Rethinking caching in Pages
It was noticed in https://gitlab.com/gitlab-com/gl-infra/capacity-planning/-/issues/85#note_970729862 that the cache will keep growing as pages gets more usage. This leads to scenarios where the memory gets saturated and we need to increase the memory requests as we did in https://gitlab.com/gitlab-com/gl-infra/capacity-planning/-/issues/85.
It was suggested to use a LRU in the mix. It would allow us to set the limit on the memory consumption. And we'll probably spend memory more efficiently. But then we'll need to monitor hit rates instead of memory saturation. And once hit-rates go low we'll need to expand the memory or do something else. Adding such a change would require a significant refactoring of the zip VFS to work with an LRU along with other caches available in pages.

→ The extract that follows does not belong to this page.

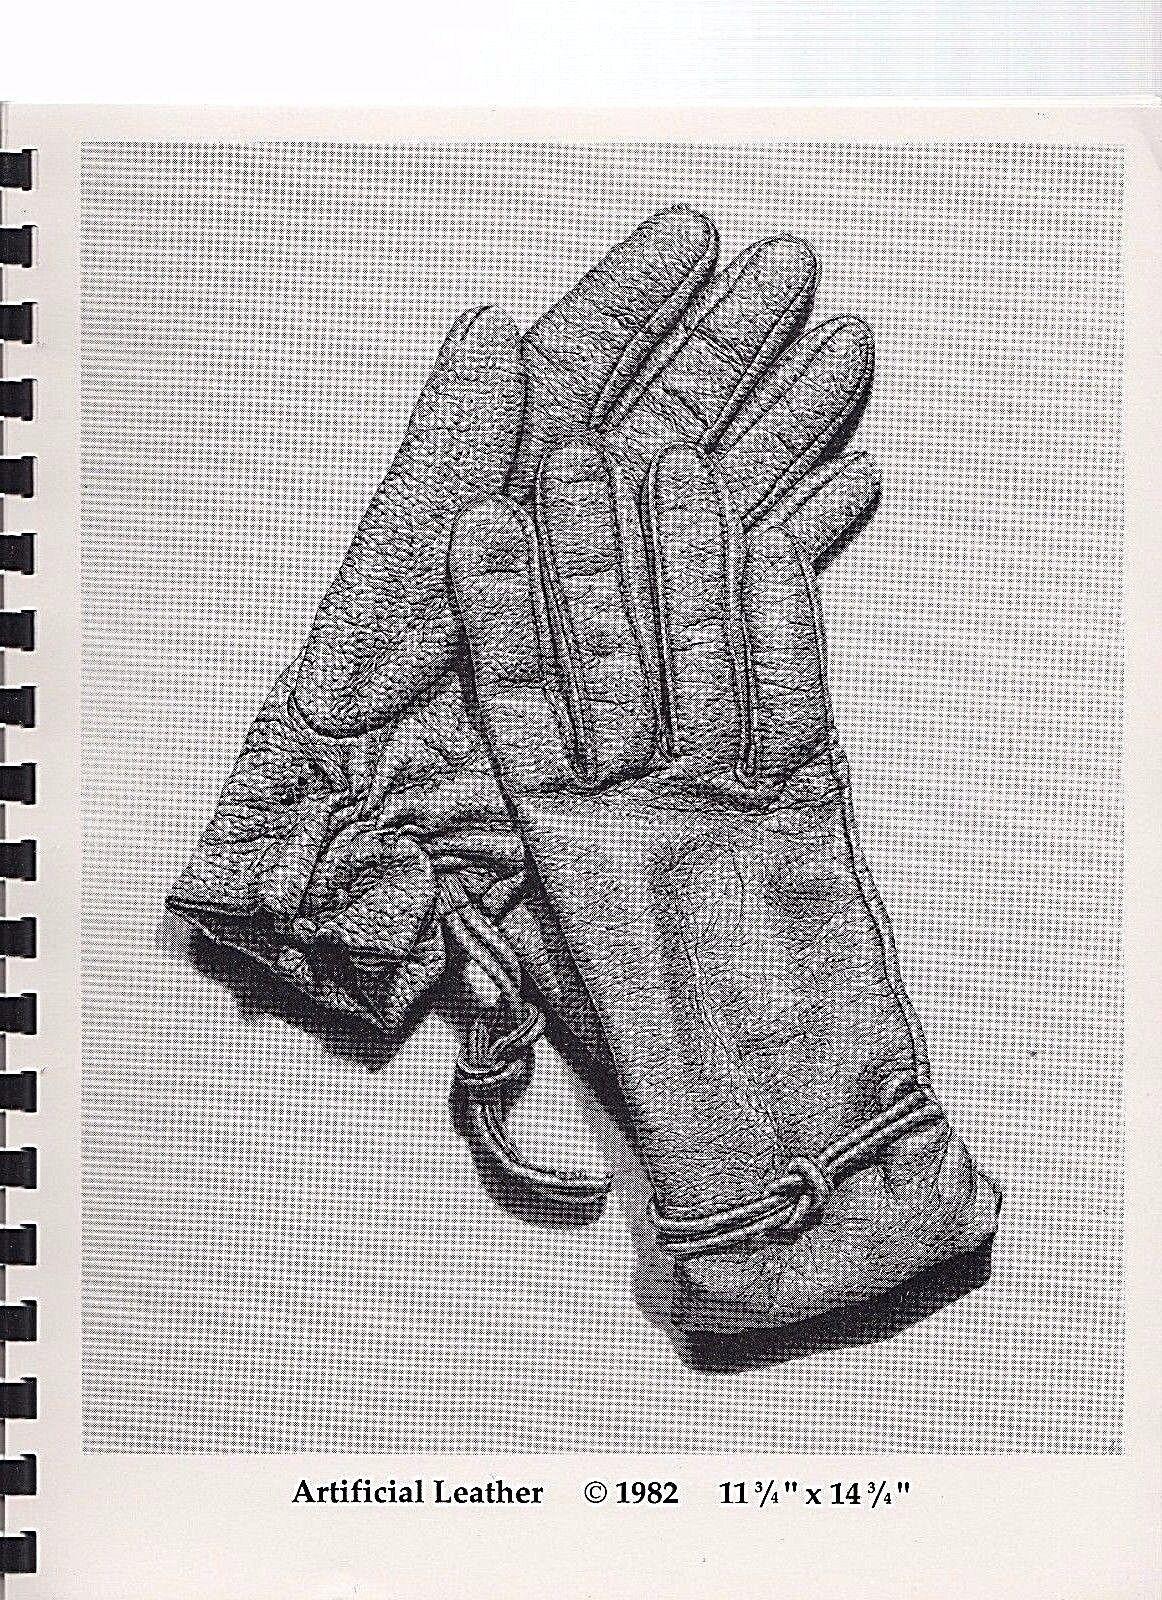 Portfolio David T Hubbard-Collection Of 12 Pencil Drawings-1990-Art-Artists - $24.95

It was also noted that the library patrickmn/go-cache
is not actively being maintained anymore and the last release dates Oct 2017. It would be worth exploring changing the cache library as well. We need to check if it's worth the effort.
While rethinking caching in Pages, we should also look into using centralized caching mechanism like Redis. It introduces a new dependency but it might be worth exploring this alternative considering the following:
- Single cache for all pods
- Shared domain configuration in all pods, reducing the number of requests to Rails
- Shared archive information for the Zip VFS, reducing the number of requests to GCS per pod
- Opens up avenue for different modes of rate limiting with SSoT for usage data available in centralized data store like Redis
Perhaps we're now at a point in time where having a Redis cache makes sense.